Implementation of these methods often involves architectural innovations (distributional heads, conditional policies, bandit wrappers), non-trivial regularization, and critique of the match between reward formulation and downstream transferability or compositionality.
5. Challenges and Open Problems
MRRL exposes critical challenges:
- Non-Markovianity: Many scalarizations (e.g., nonlinear-in-averages) and multi-level feedback schemes induce non-Markovian reward or value functions. This defeats classic Bellman recursion and necessitates occupancy-measure or history-based approaches (Agarwal et al., 2019, Elahi et al., 20 Apr 2025).
- Partial observability: Mixture or latent reward models require exploration and statistical identification strategies that go beyond standard exploration bonuses or posterior sampling (Kwon et al., 2021).
- Scaling and expressivity: Reward decomposition is computationally expensive and combinatorially complex as the number of channels and total reward dimensions grow (Lin et al., 2019).
- Adaptation to non-stationary user preferences: Fixed-weight scalarizations are often misaligned with true, time-varying importance, motivating ongoing research in automated, low-regret weight adaptation in both RL and bandit frameworks (Min et al., 20 Mar 2024).

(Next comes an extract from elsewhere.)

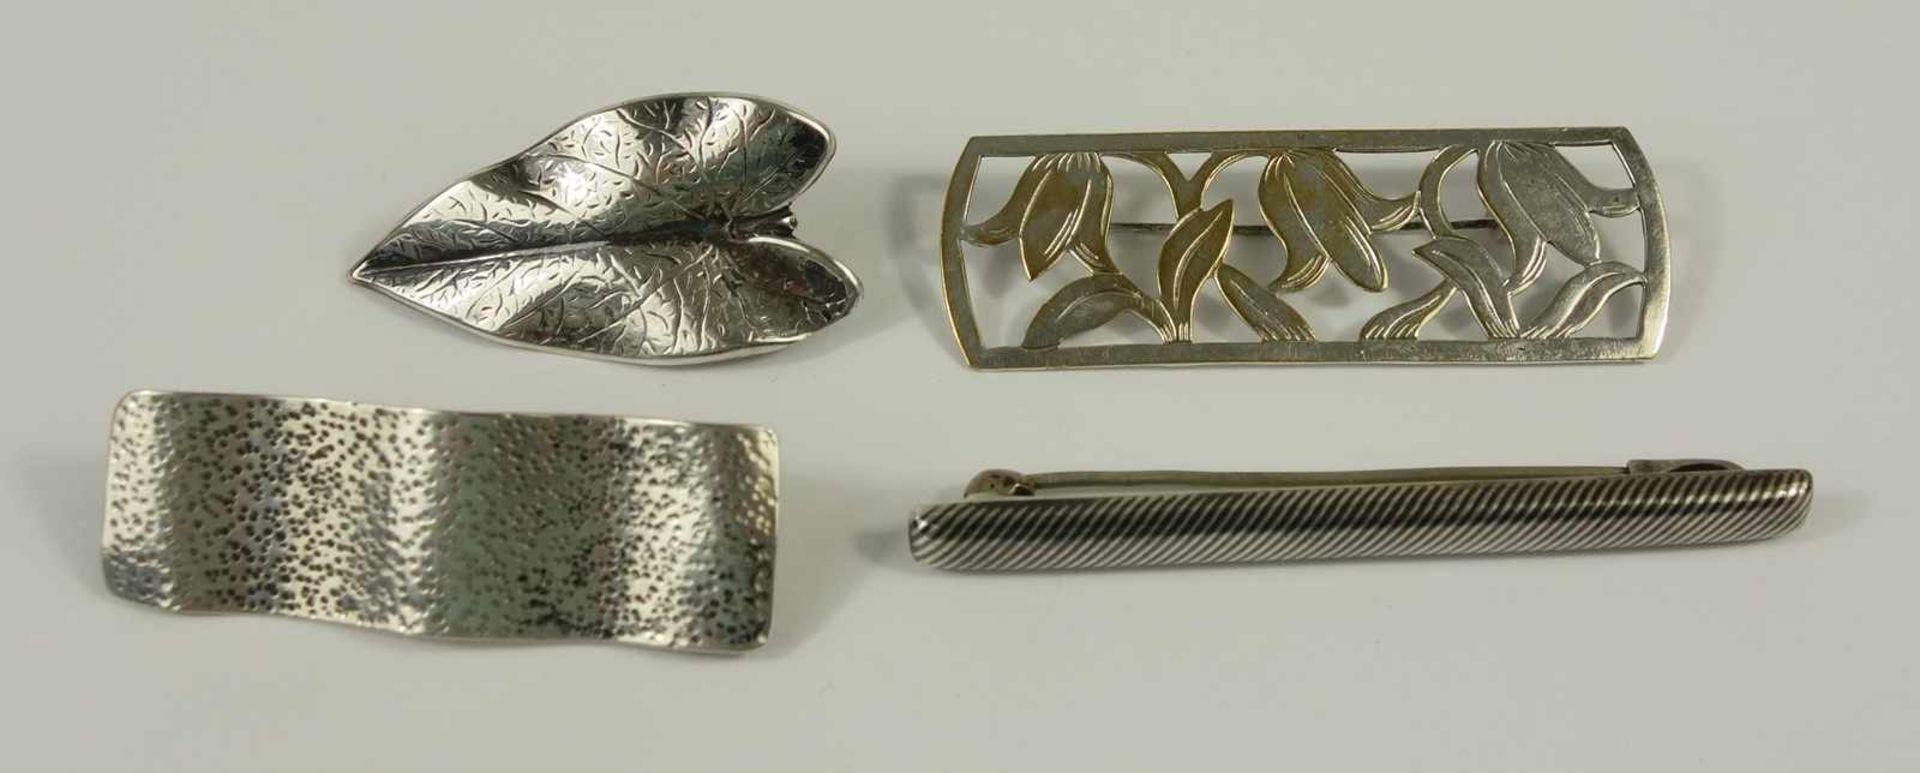 3 brooches and a dress clip, silver, weight 15,19g, different shapes, l. from 4cm to 6,3cm
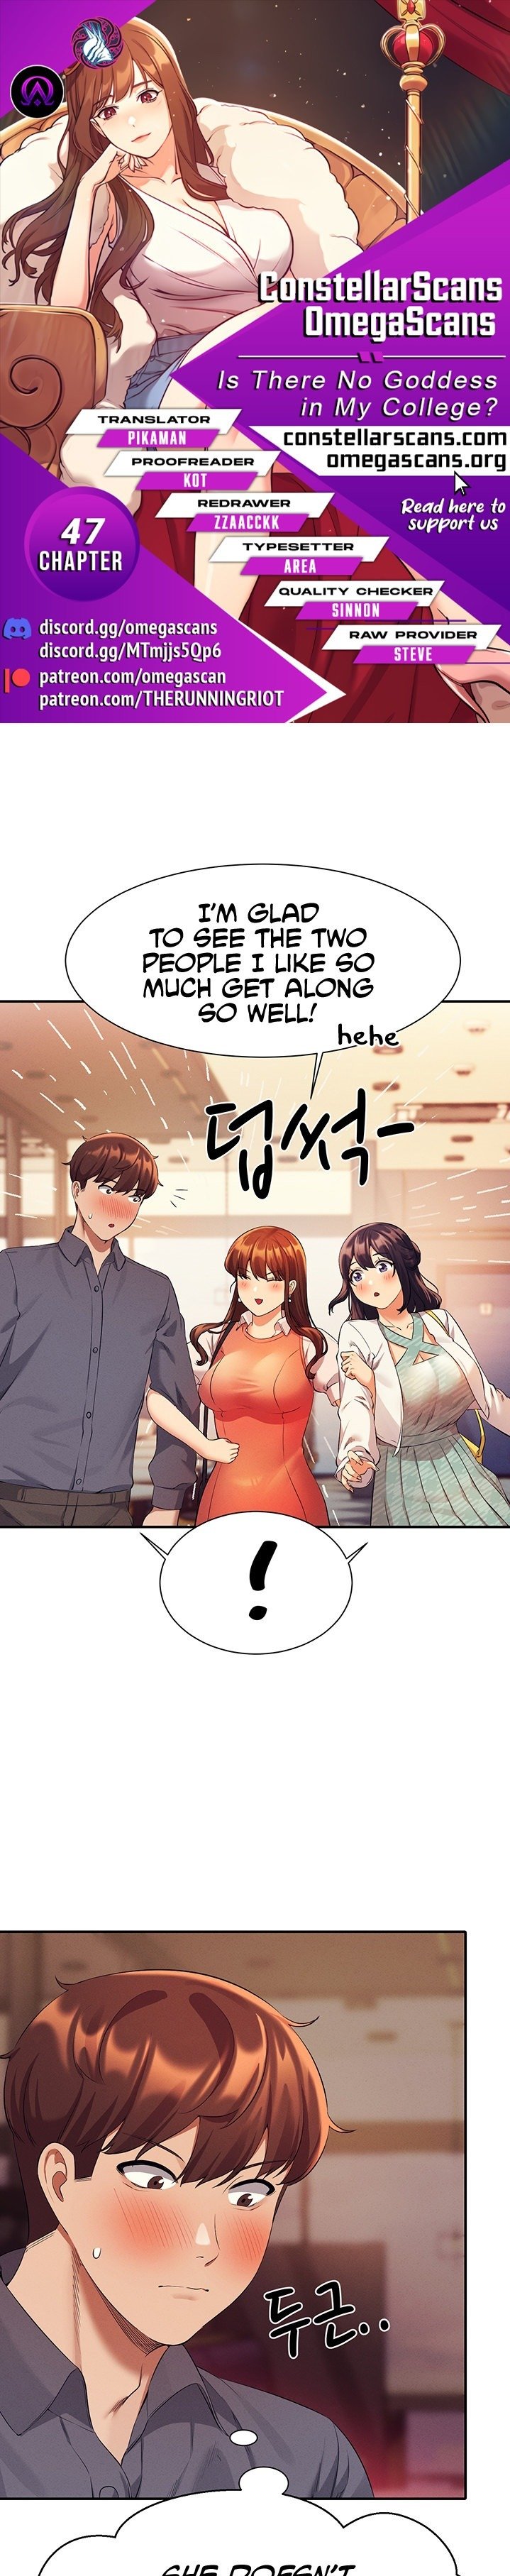 is-there-no-goddess-in-my-college-001-chap-47-0

- Transfer, generalization, and disentanglement: Discovering transferable, robust decompositions or task-conditioned reward structures remains an open research area, with connections to causality, empowerment, and hierarchical RL (Yoo et al., 2022).
6. Connections to Broader Research and Extensions
MRRL links to related paradigms and methods, pushing the envelope on:
- Multi-objective, constraint, and robust control: MRRL generalizes classical multi-objective RL, incorporating constraints, CVaR or risk sensitive objectives, and providing distributional or multi-dimensional policy representations (Zhang et al., 2021).
- Hierarchical RL and successor features: Reward decomposition naturally aligns with skill-discovery and sub-policy learning; distributional heads or disentanglement losses can enable representation transfer (Lin et al., 2019).
- Exploration and auxiliary feedback: Techniques from intrinsic motivation, curiosity, and empowerment play a key role in MRRL, especially when environmental feedback is sparse, noisy, or unreliable (Li et al., 2023, Yoo et al., 2022).
- Method-of-moments and latent variable learning: The method-of-moments approach to latent reward mixtures is representative of a growing trend toward using weak supervision signals (human feedback, context-mixtures, unlabeled tasks) to learn reward and value representations (Kwon et al., 2021).
- Sample efficiency and prior knowledge: Distributional and decomposition-based methods empirically confer faster learning via better credit assignment and richer shaping signals (Lin et al., 2019, Zhang et al., 2021).
Further extensions include risk-sensitive objective modeling, decentralized/distributed variants, spectrum of reward channel dependencies (from independence to full coupling), and application to domains involving hard alignment, resource constraints, and transfer learning.
MRRL provides a unified foundation for a spectrum of problems where agents must arbitrate among, synthesize, or disentangle rewards from multiple, potentially structured or partially observed sources. Current approaches leverage advances in convex programming, policy-gradient estimation, distributional modeling, bandit adaptation, and latent variable inference to provide both sample-efficient learning and rigorous theoretical guarantees, with open problems centering on scalability, robustness, and cross-domain transfer.